To allow easy visualization of coordinate-based genomic data, GenomeSpy can concatenate the discrete chromosomes onto a single continuous linear axis. Concatenation needs the sizes and preferred order for the contigs or chromosomes. These are usually provided with a genome assembly.

To activate support for genomic coordinates, add the genome property with the name of the assembly to the top level view specification:

{
  "genome": {
    "name": "hg38"
  },
  ...
}

Only a single genome assembly

Currently, a visualization may have only a single globally configured genome assembly. Different assemblies for different scales (for x and y axes, for example) will be supported in the future.

Supported genomes

By default, GenomeSpy loads genomes from the genomespy.app website. The following assemblies are provided: "hg38", "hg19", "hg18", "mm10", "mm9", and "dm6".

Custom genomes

At minimum, a custom genome needs a list of contigs and their sizes, which can be loaded from a "chrom.sizes" file or provided within the specification.

As files

The baseUrl property specifies the location of genomes:

{
  "genome": {
    "name": "hg99",
    "baseUrl": "https://your.site/genomes/"
  },
  ...
}

The directory must have the following structure:

hg99/hg99.chrom.sizes

Within the Specification

Example:

{
  "genome": {
    "contigs": [
      {"name": "chr3R", "size": 32079331 },
      {"name": "chr3L", "size": 28110227 },
      {"name": "chr2R", "size": 25286936 },
      {"name": "chrX",  "size": 23542271 },
      {"name": "chr2L", "size": 23513712 },
      {"name": "chrY",  "size": 3667352 },
      {"name": "chr4",  "size": 1348131 },
    ]
  },
  ...
}

Encoding genomic coordinates

When a genome assembly has been specified, you can encode the genomic coordinates conveniently by specifying the chromosome (chrom) and position (pos) fields as follows:

{
  ...,
  "encoding": {
    "x": {
      "chrom": "Chr",
      "pos": "Pos",
      "offset": -1.0,
      "type": "locus"
    },
    ...
  }
}

The example above specifies that the chromosome is read from the "Chr" field and the intra-chromosomal position from the "Pos" field. The "locus" data type pairs the channel with a "locus" scale, which provides a chromosome-aware axis. However, you can also use the field property with the locus data type if the coordinate has already been linearized. The offset property is explained below.

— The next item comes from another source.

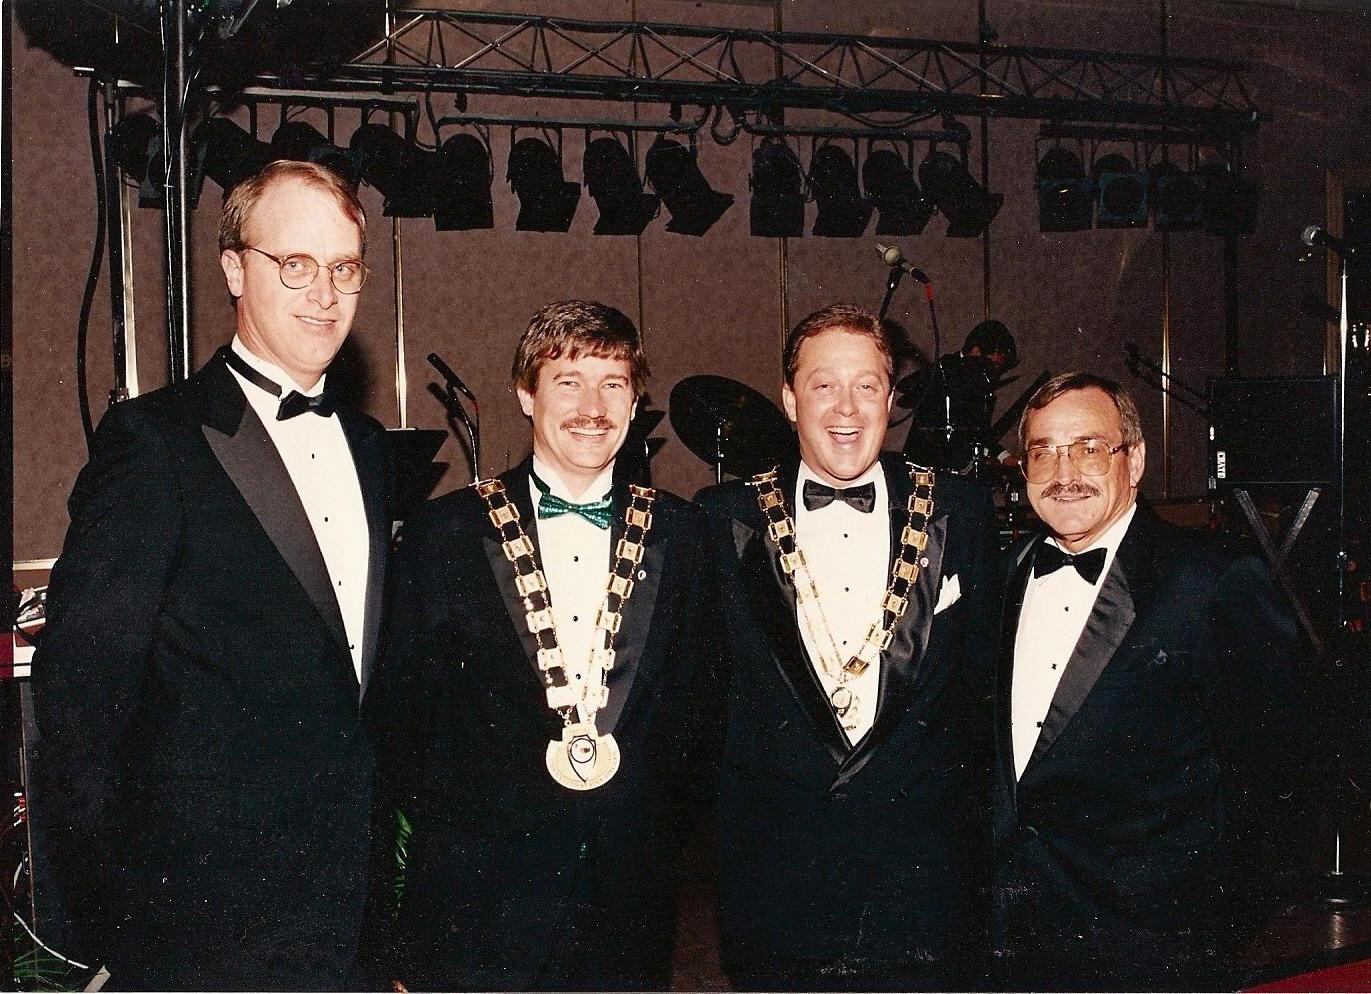 National Advisor Madsen, USJCC President Russell, JCI President Dawkins, JCI Advisor Pridgen

What happens under the hood

When the chrom and pos properties are used used in channel definitions, GenomeSpy inserts an implicit linearizeGenomicCoordinate transformation into the data flow. The transformation introduces a new field with the linearized coordinate for the (chromosome, position) pair. The channel definition is modified to use the new field.

In some cases you may want to insert an explicit transformation to the data flow to have better control on its behavior.

Coordinate counting

The offset property allows for aligning and adjusting for different coordinate notations: zero or one based, closed or half-open. The offset is added to the final coordinate.

GenomeSpy's "locus" scale expects half-open, zero-based coordinates.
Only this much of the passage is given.